This paper proposes AVATAR, a video-level audio-visual localization benchmark, and TAVLO, a temporally-aware model that addresses the neglect of temporal dynamics in conventional AVL methods through high-resolution temporal modeling.

Background & Motivation

Audio-visual localization (AVL) aims to identify sound-producing objects within visual scenes. Existing work suffers from two critical limitations:

Limitations of image-level association: Existing benchmarks (e.g., Flickr-SoundNet, VGGSS) adopt image-level annotation — annotators watch a complete video but label the sounding object in only a single frame, treating that frame as representative of the entire video. Consequently, existing methods process only single-frame inputs and entirely disregard temporal dynamics. In realistic scenarios, tracking moving sound sources and handling dynamic changes requires spatiotemporal modeling.

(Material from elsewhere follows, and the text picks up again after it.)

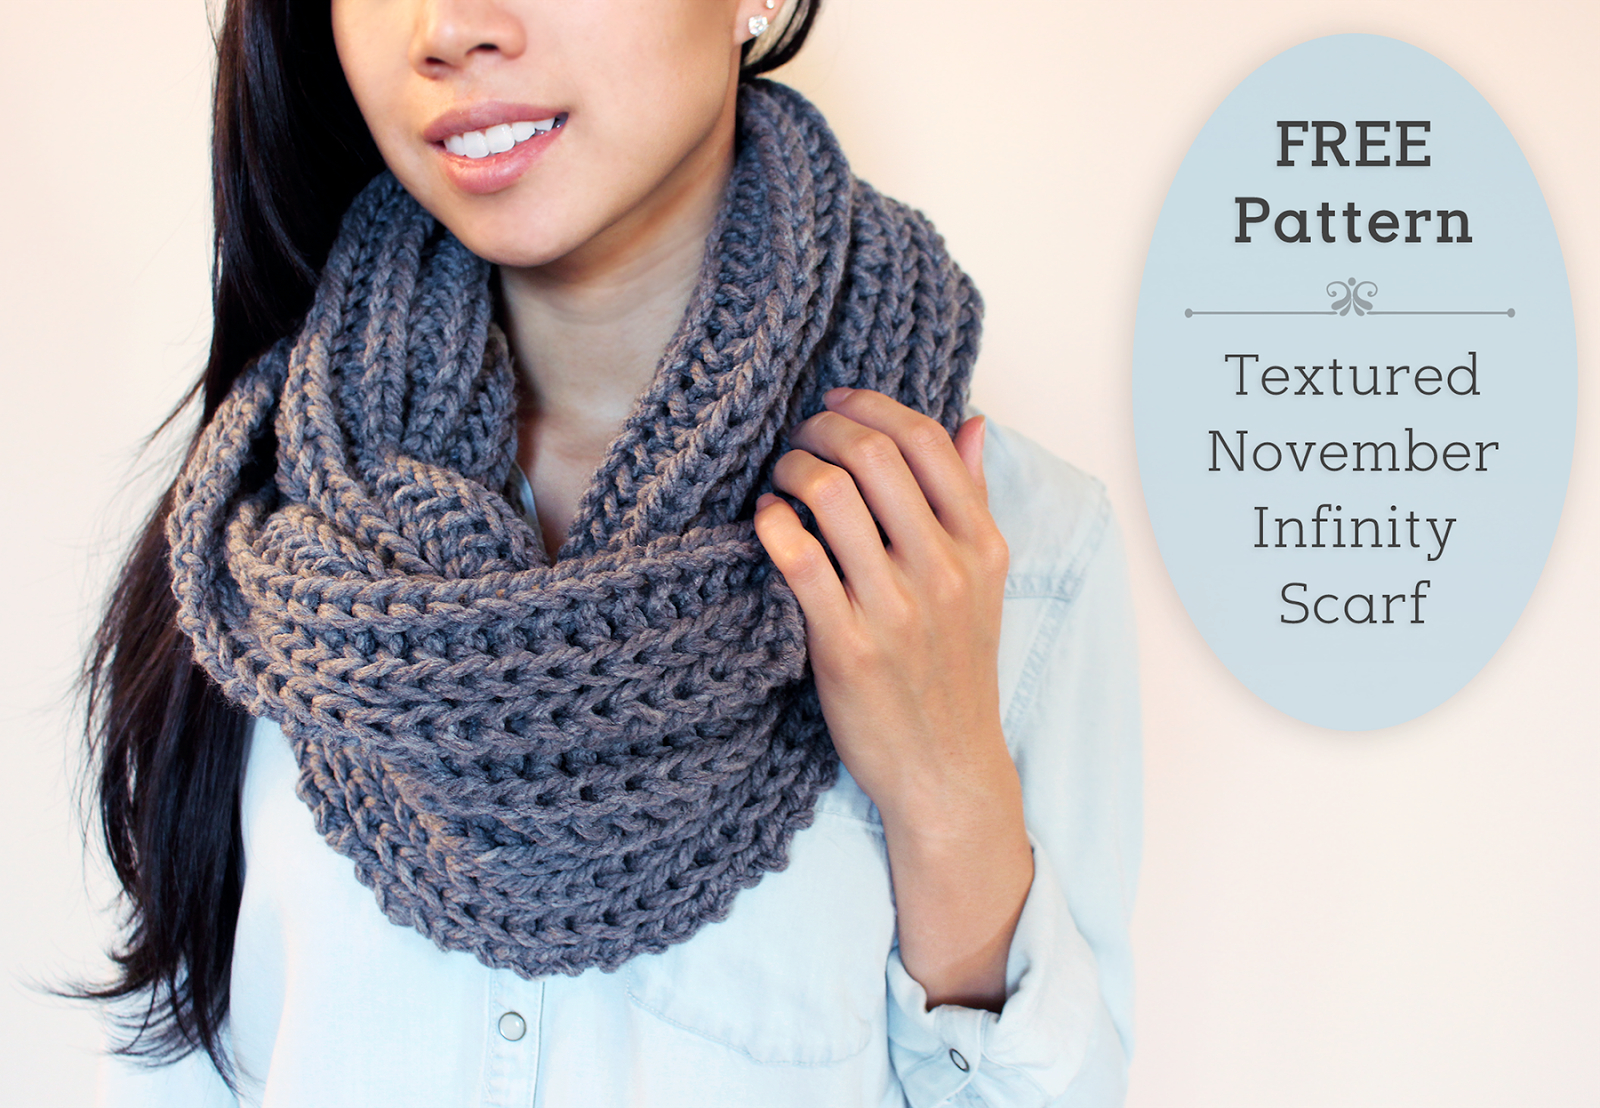 Free Bulky Knitting Patterns Purllin Textured November Infinity Scarf Free Pattern

Oversimplified assumptions: Existing benchmarks assume that sounding objects are always visible and typically involve only a single sound source. Real-world scenarios, however, frequently include multiple simultaneous sound sources and off-screen sounding objects. Some studies partially address this through mismatched audio-image negative pairs or synthesized mixed audio, but coverage remains insufficient.

Method

Overall Architecture

The paper presents two core contributions: (1) the AVATAR benchmark dataset; and (2) TAVLO, a temporally-aware AVL model.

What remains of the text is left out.